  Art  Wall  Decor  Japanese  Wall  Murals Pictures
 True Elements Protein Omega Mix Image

---

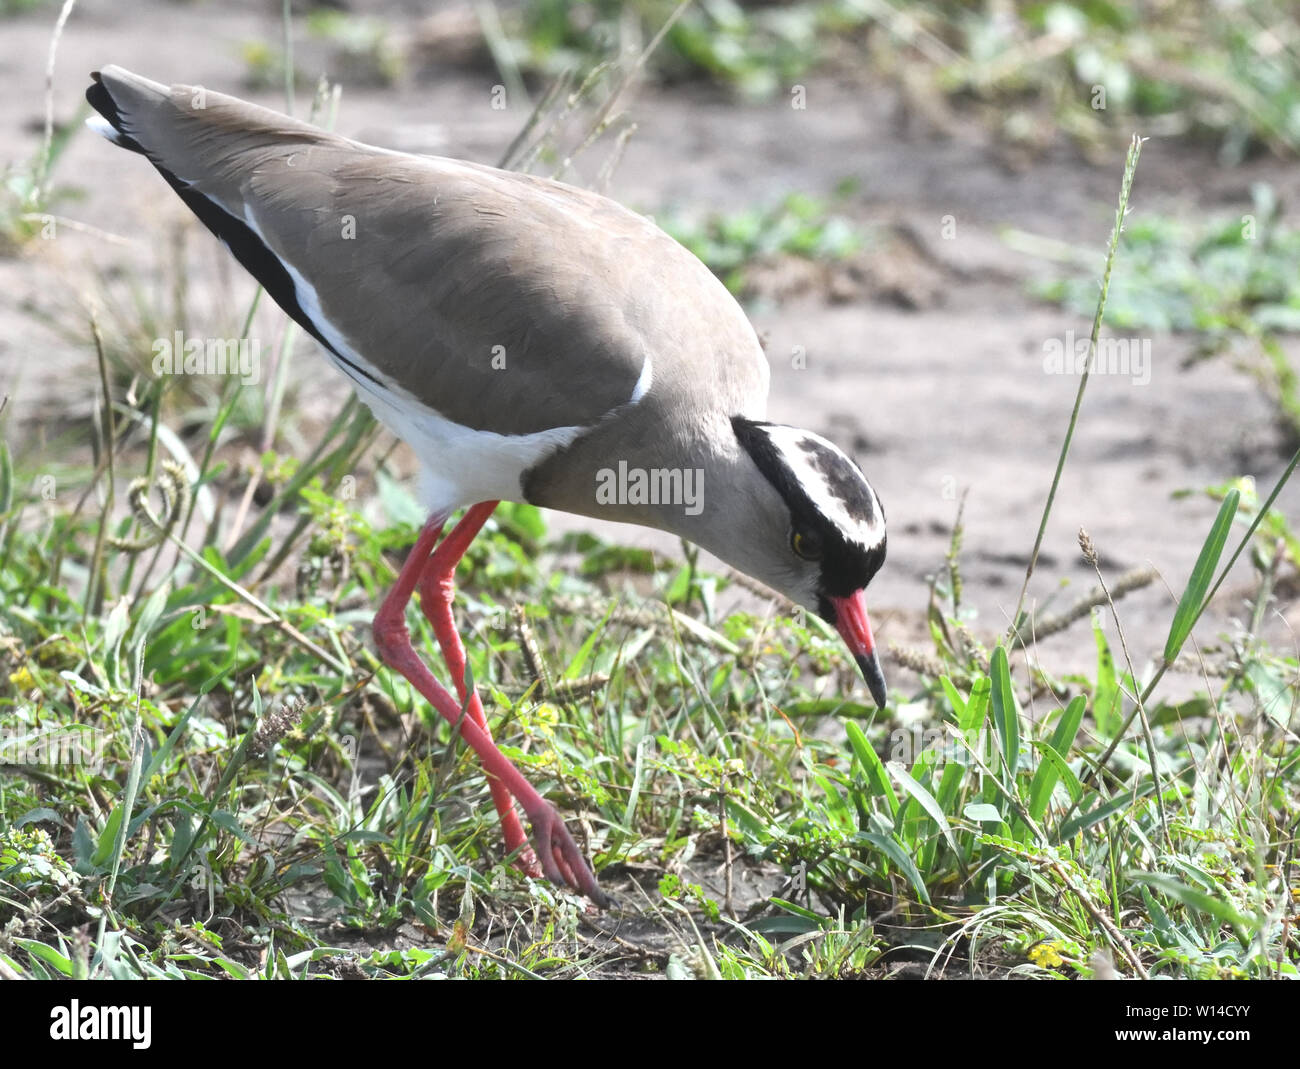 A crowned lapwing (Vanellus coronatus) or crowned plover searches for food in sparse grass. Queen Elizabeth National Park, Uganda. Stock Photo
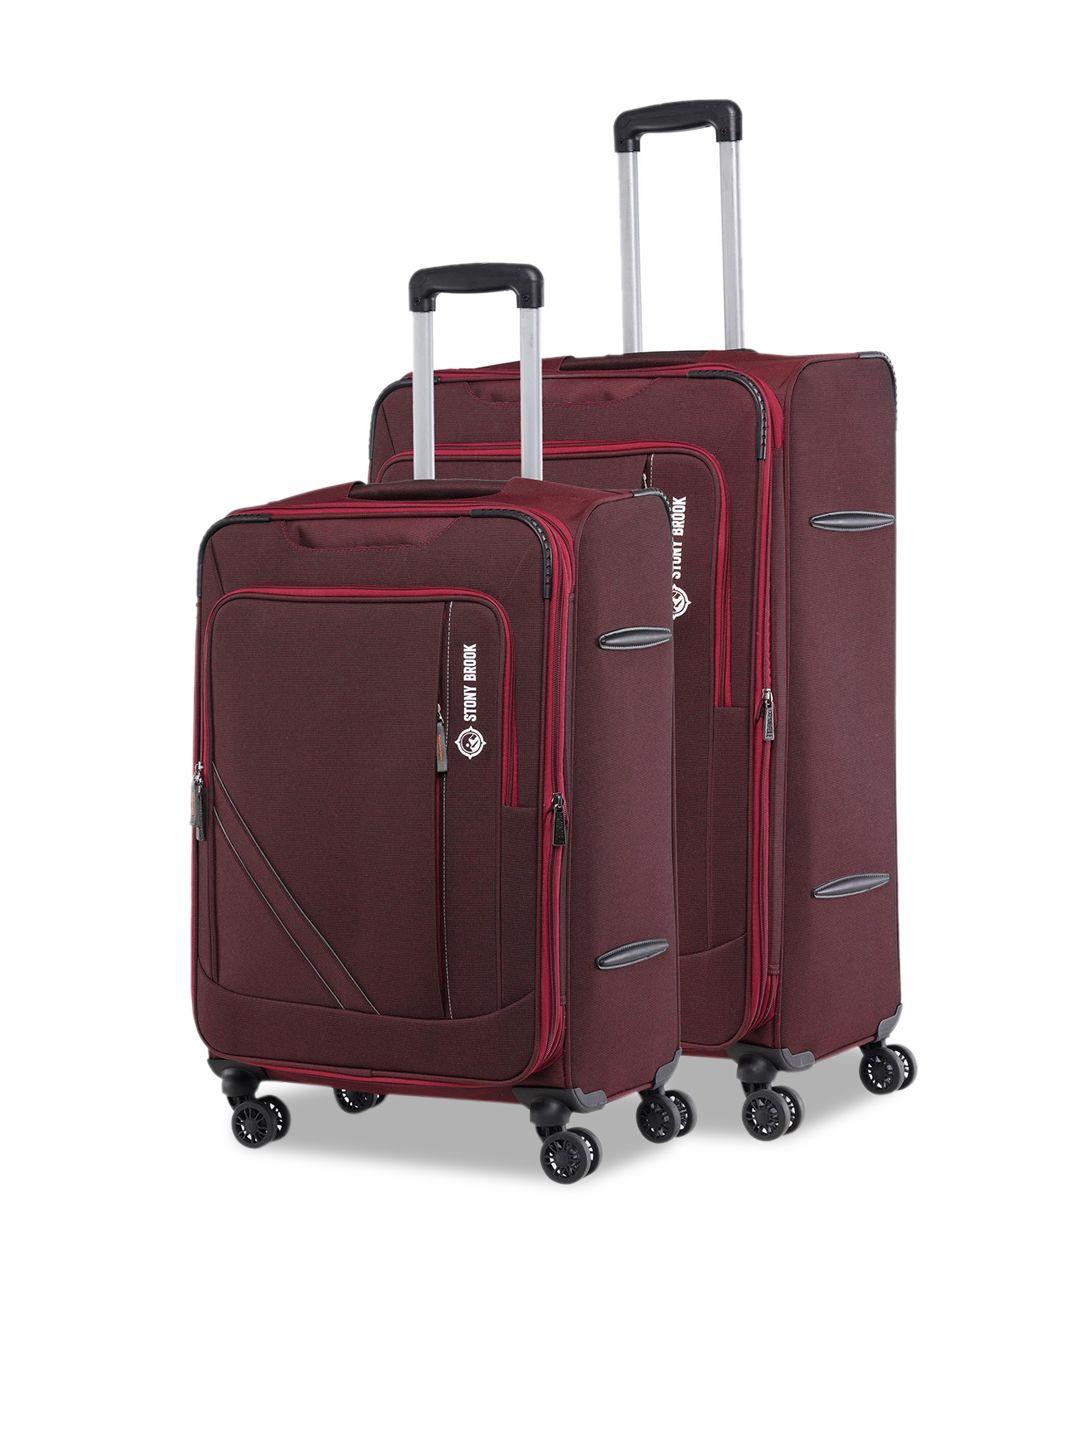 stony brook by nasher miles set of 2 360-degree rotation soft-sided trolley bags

* * *

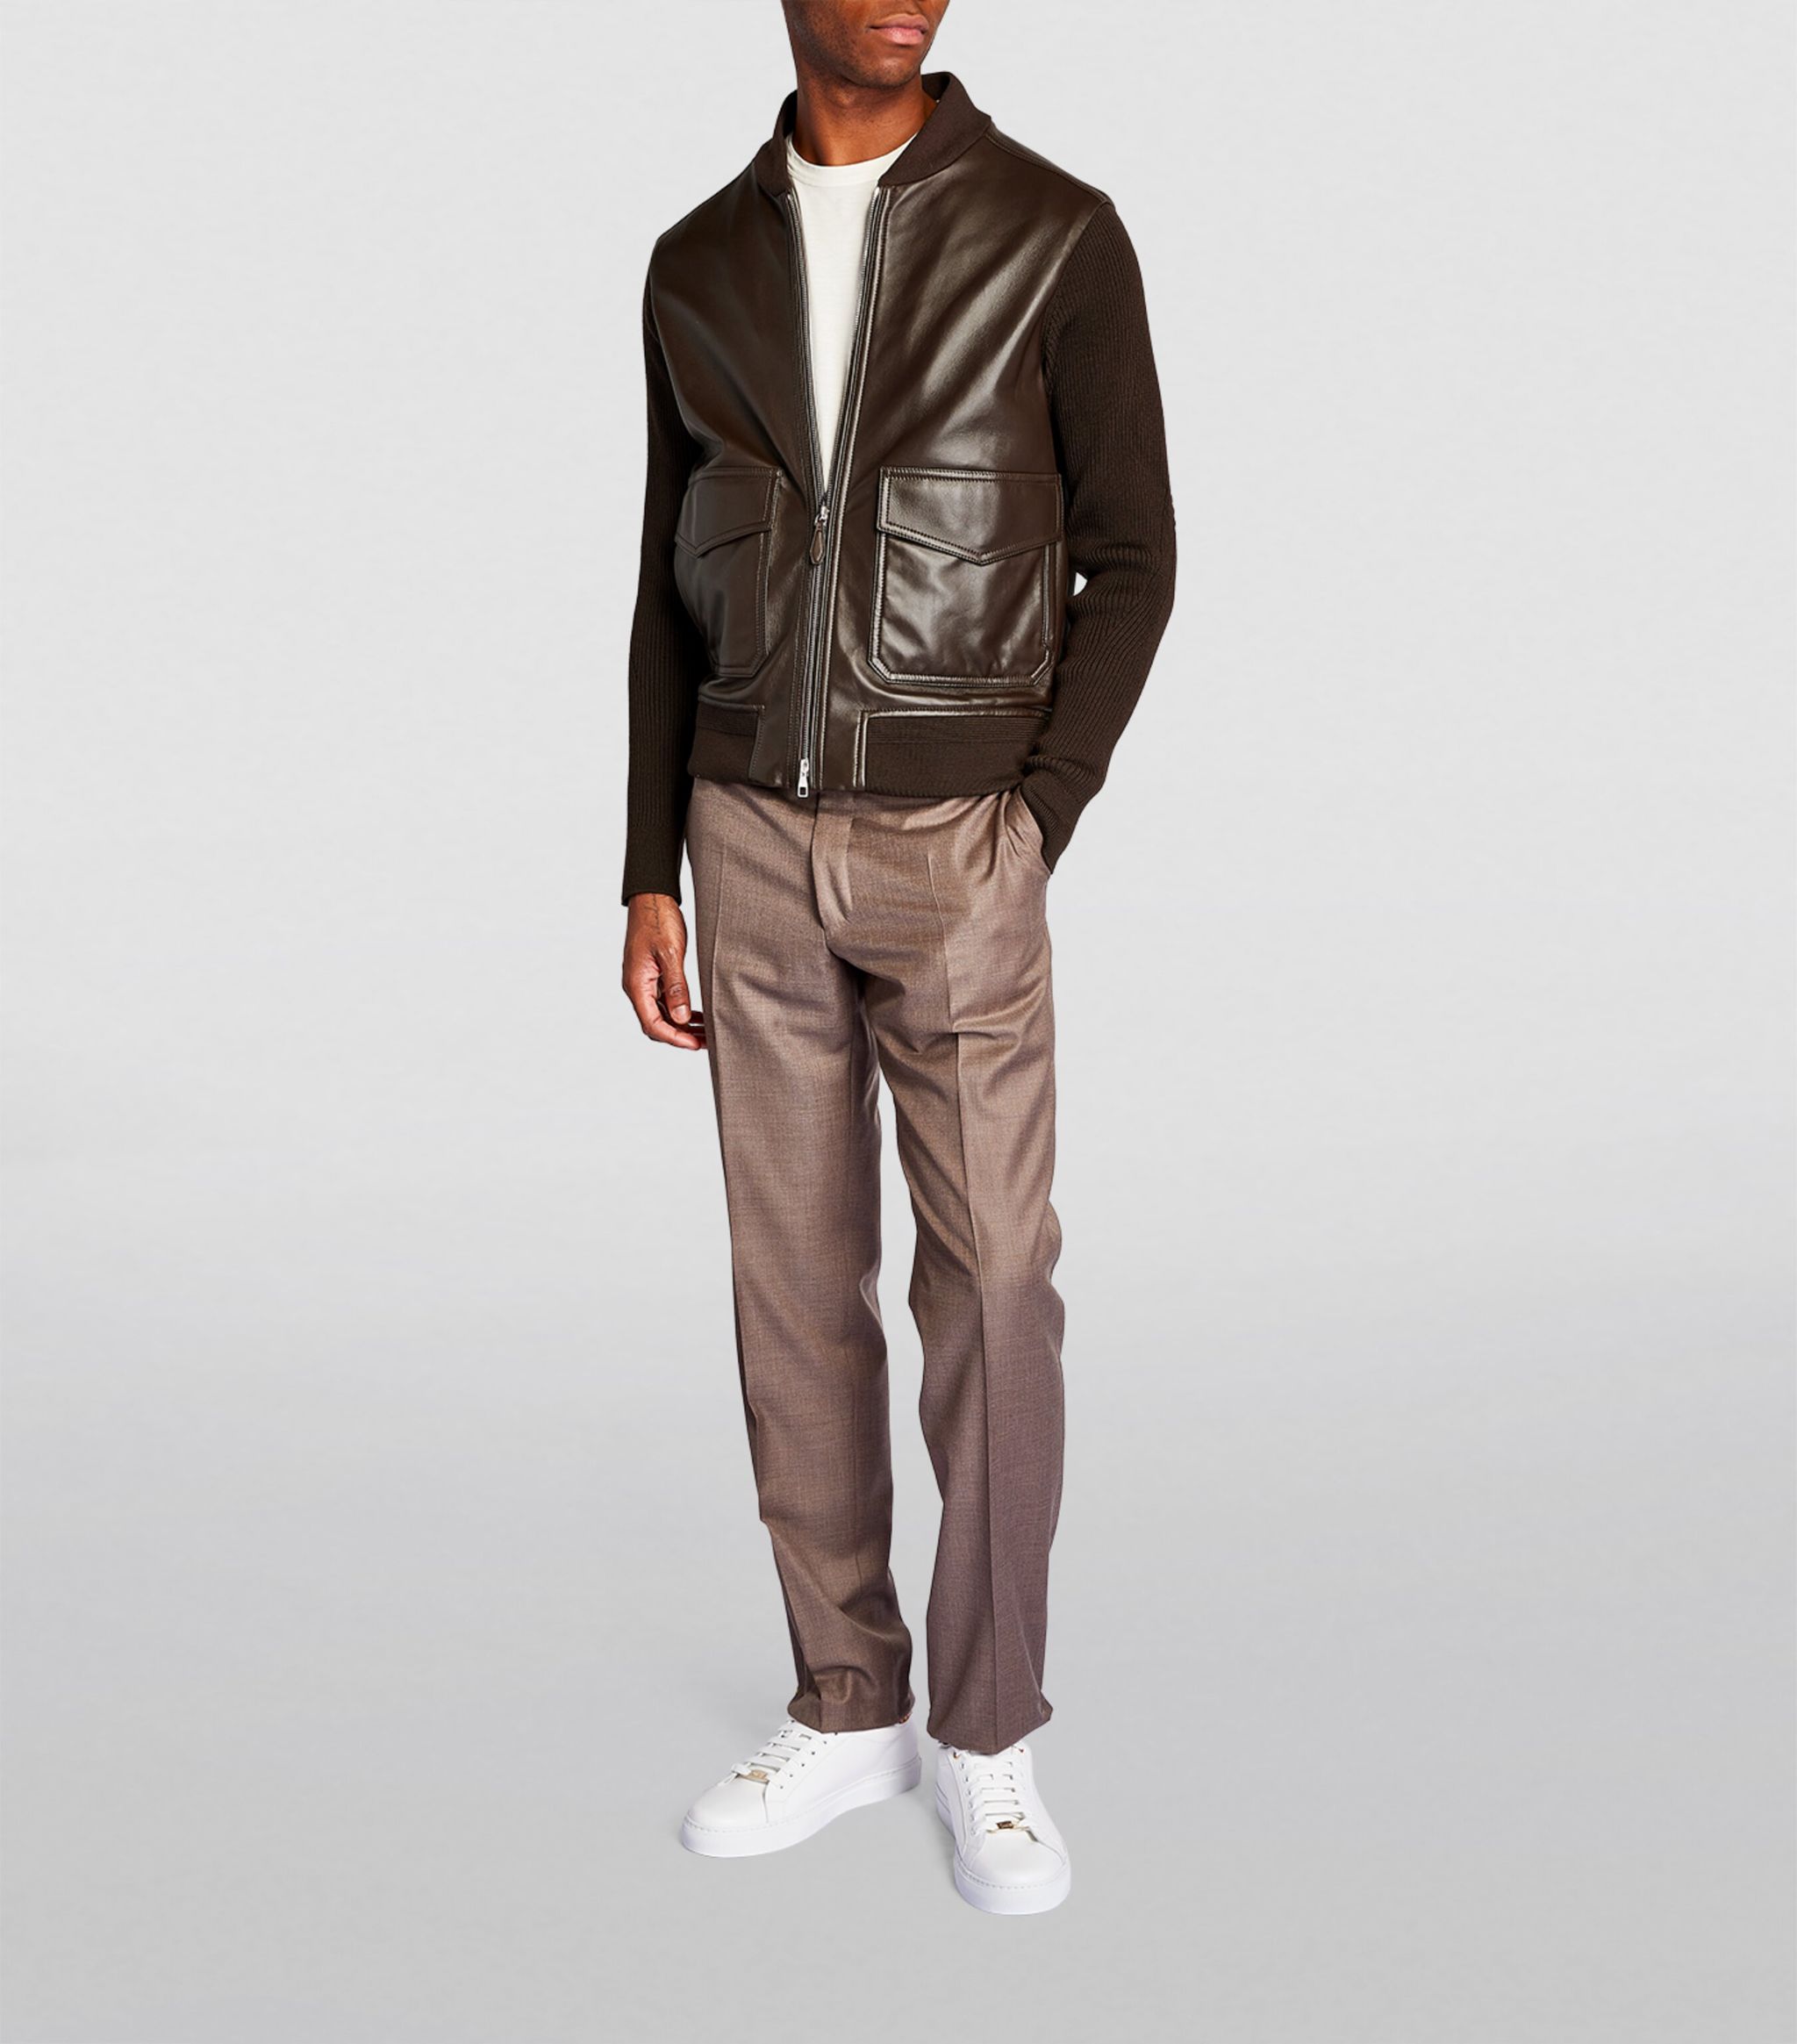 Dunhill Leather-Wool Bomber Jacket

| Instructions to follow |
Reproduce, word for word, only the lines in the records above from the line with "A crowned lapwing" through the line with "stony brook by", including both ends; omit the pictures.

| Exercise response |
 A crowned lapwing (Vanellus coronatus) or crowned plover searches for food in sparse grass. Queen Elizabeth National Park, Uganda. Stock Photo
 stony brook by nasher miles set of 2 360-degree rotation soft-sided trolley bags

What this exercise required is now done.